This generation is apathetic to MLK’s dream

As I celebrate Martin Luther King Jr. Day, I reflect on the many things King did during the civil rights movement and the many speeches that inspired not only African-Americans but also Americans all over to end segregation.

King fought for our collective freedom for a number of years until it eventually killed him in the process.

As I reflect upon the many things he did so we could enjoy the same opportunities as everyone else, I can’t help but feel saddened by how only a few seem to take advantage of it. I say this while staring at an unnamed club flier with King’s head placed on someone else’s body, gripping money in one hand and surrounded by scantily dressed women.

Is this how we appreciate the sacrifices of those before us? What happened to the dream that King and our predecessors fought so hard to obtain? As I look at my fellow African-Americans, I am oftentimes disheartened to see how easily we forget the struggle of those before us for the sake of attaining something as simple and trivial as money, sex and other material things. I literally watch as we fight and kill each other over simple arguments on World Star Hip-Hop, which is encouraging it instead of trying to stop it.
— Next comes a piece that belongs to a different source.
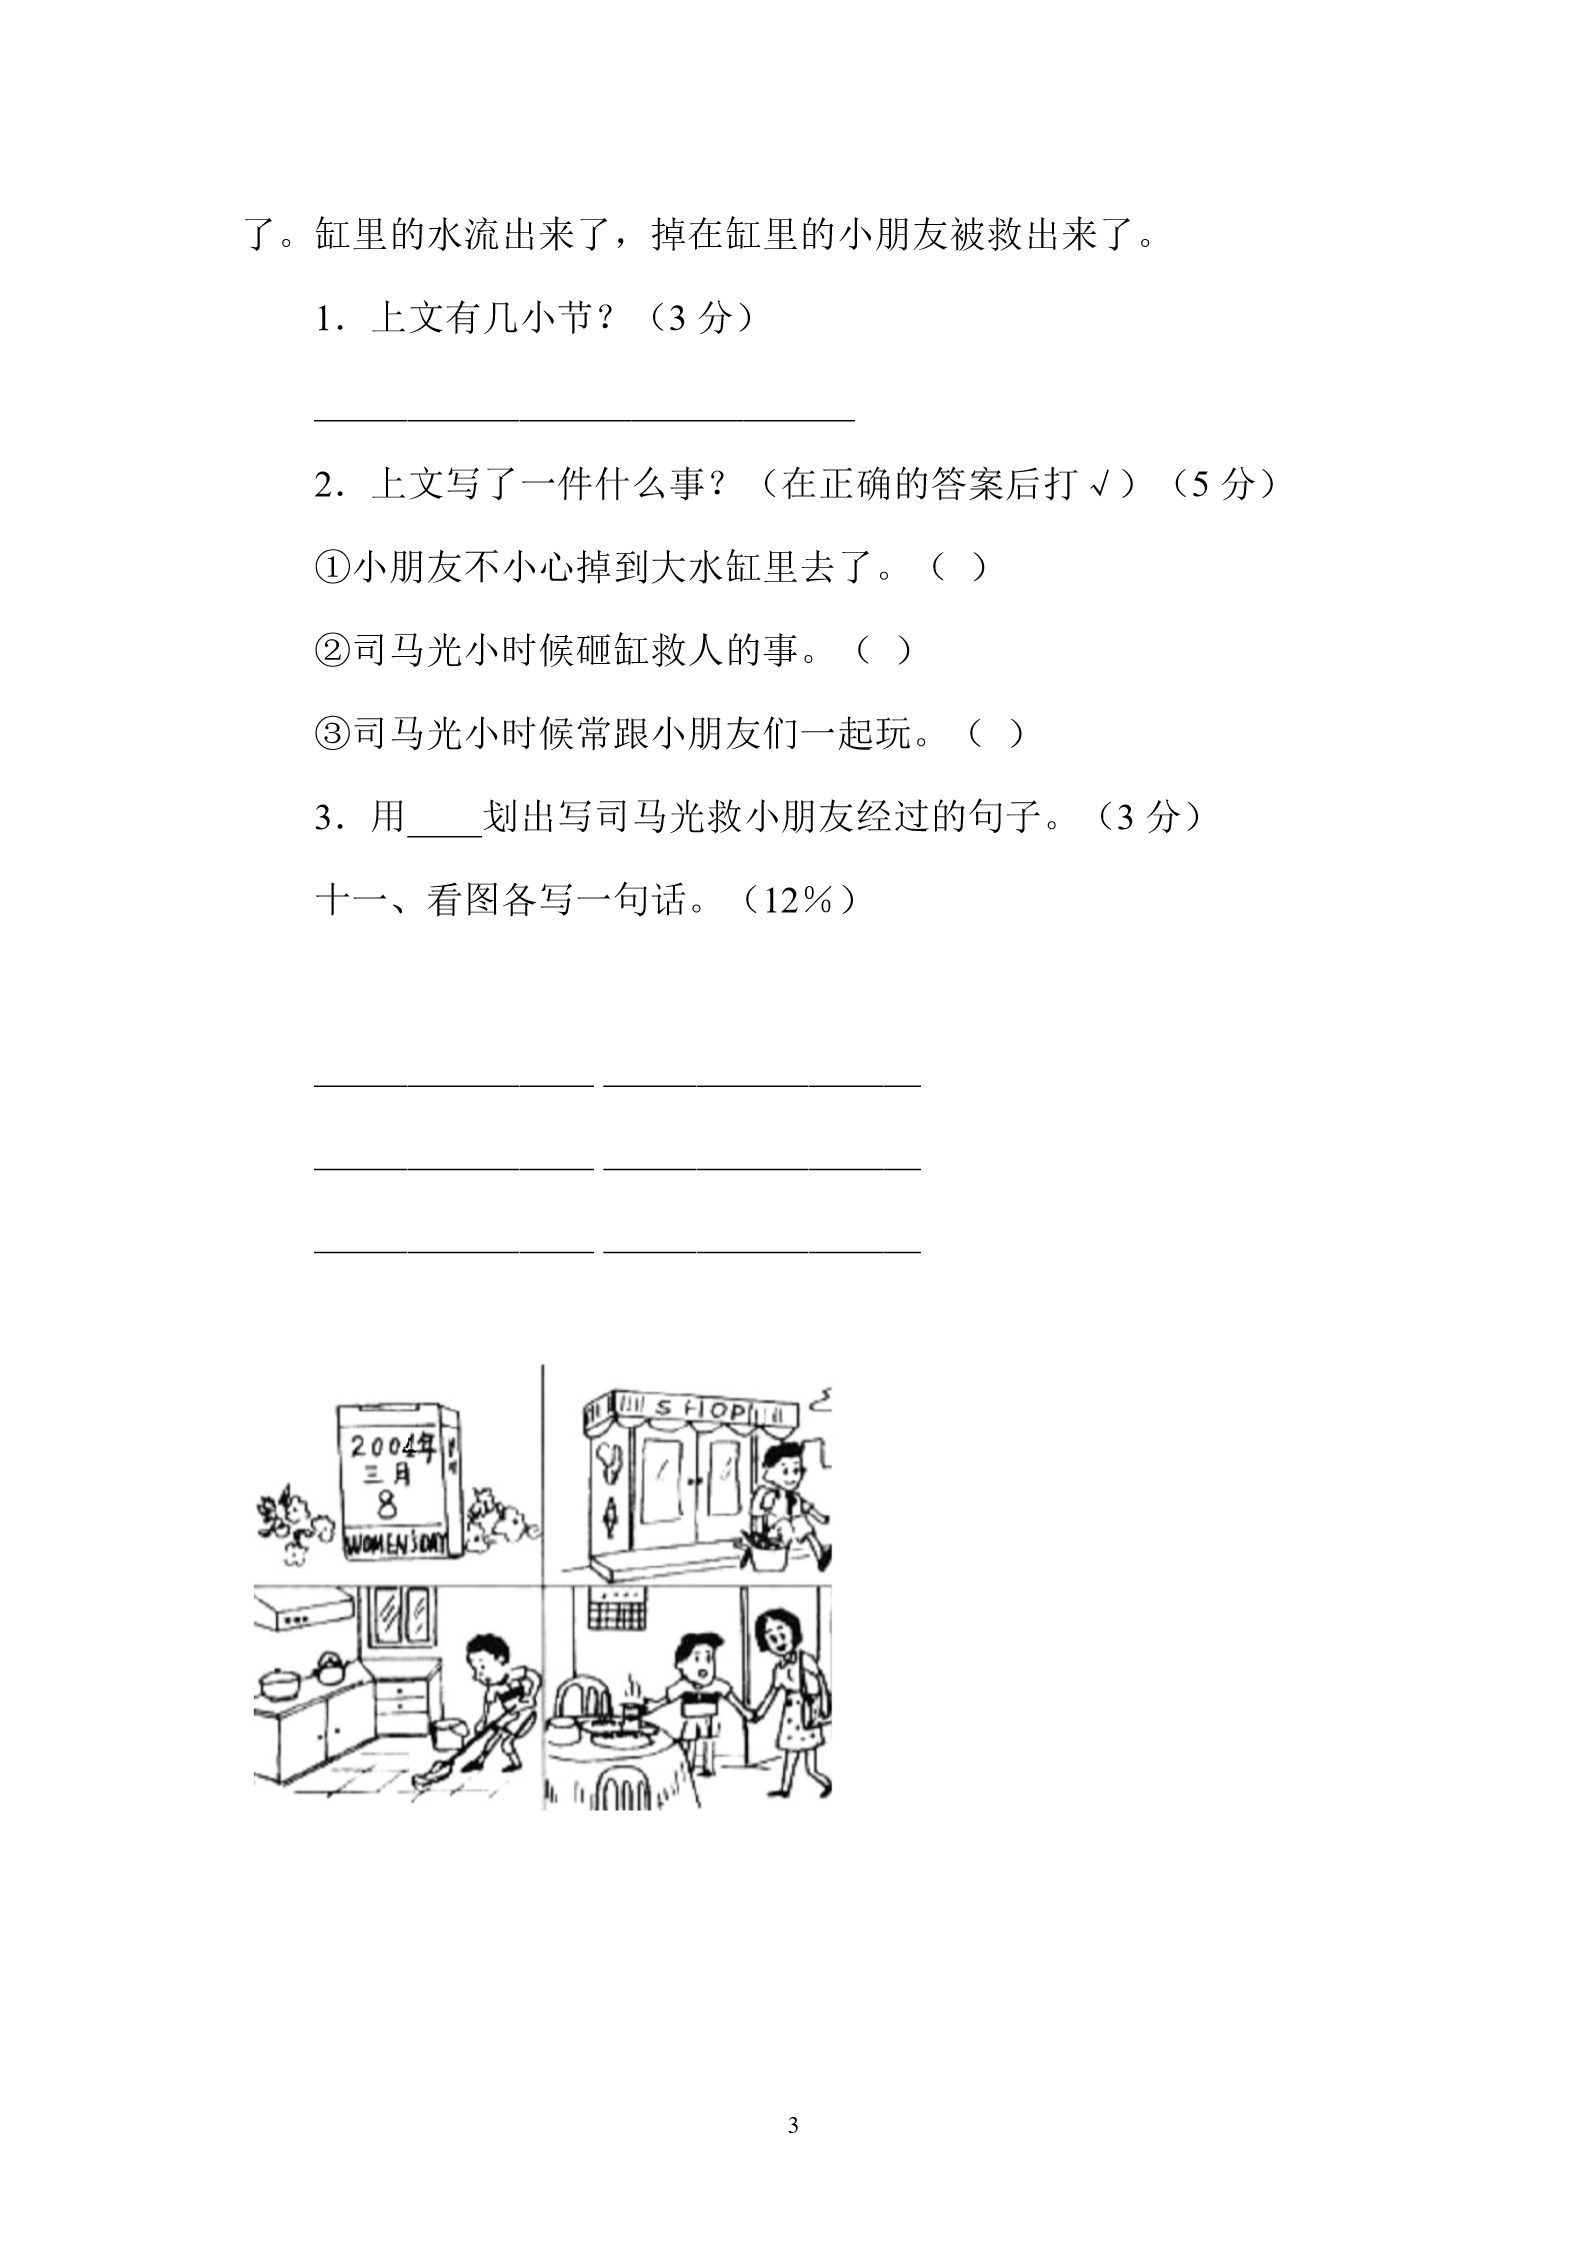 人教版小学一年级下册语文期末测试卷及参考答案 (8)

I frown as I find my generation becomes less and less aware of what goes on in the news, and though it’s hurtful to see, it is impossible to ignore. We’re killing the dream with unashamed ignorance.

I feel this unappreciative attitude stems from the fact that many of us live in the age where we are pretty well off. We get what we want. We can go where we wish, drink where we want and eat at any restaurant we please, whereas back in the day, that wasn’t the case.

I grew up hearing stories of my father as a child. He’d tell me that he couldn’t use the public bathrooms or restaurants so his father packed lunches for them on road trips in the South. I heard stories of how my grandmother couldn’t go to school because it was miles and miles away and only the white kids could ride the school bus.

Because we’ve never personally gone through the same struggle, many of us don’t appreciate how blessed we are to have the resources we do. Don’t get me wrong, I don’t believe that you must go through the same struggle as others in order to appreciate what we have, but I do believe in order to move forward we must look back and see how far we’ve come, which leads to an entirely different problem.

Many of us no longer have any knowledge of our heritage anymore. Even with a month set aside to find new knowledge of our culture, we carry on as if it’s just another day because to us, it really is. The whole month goes by and we revisit the same important figures and claim we’ve learned something new when we’ve yet to explore any deeper.

How can this problem in the African-American community be solved with so much damage done? How might we be able to reverse this process of self-sabotage? The answer is simple. Become acquainted with your historical background so that you may teach others of how far we have come as a people. Open up the history books and read of our ancestors who sacrificed so much so that we could get a higher education and make something of ourselves. We are more than what World Star Hip-Hop and society perceives us to be.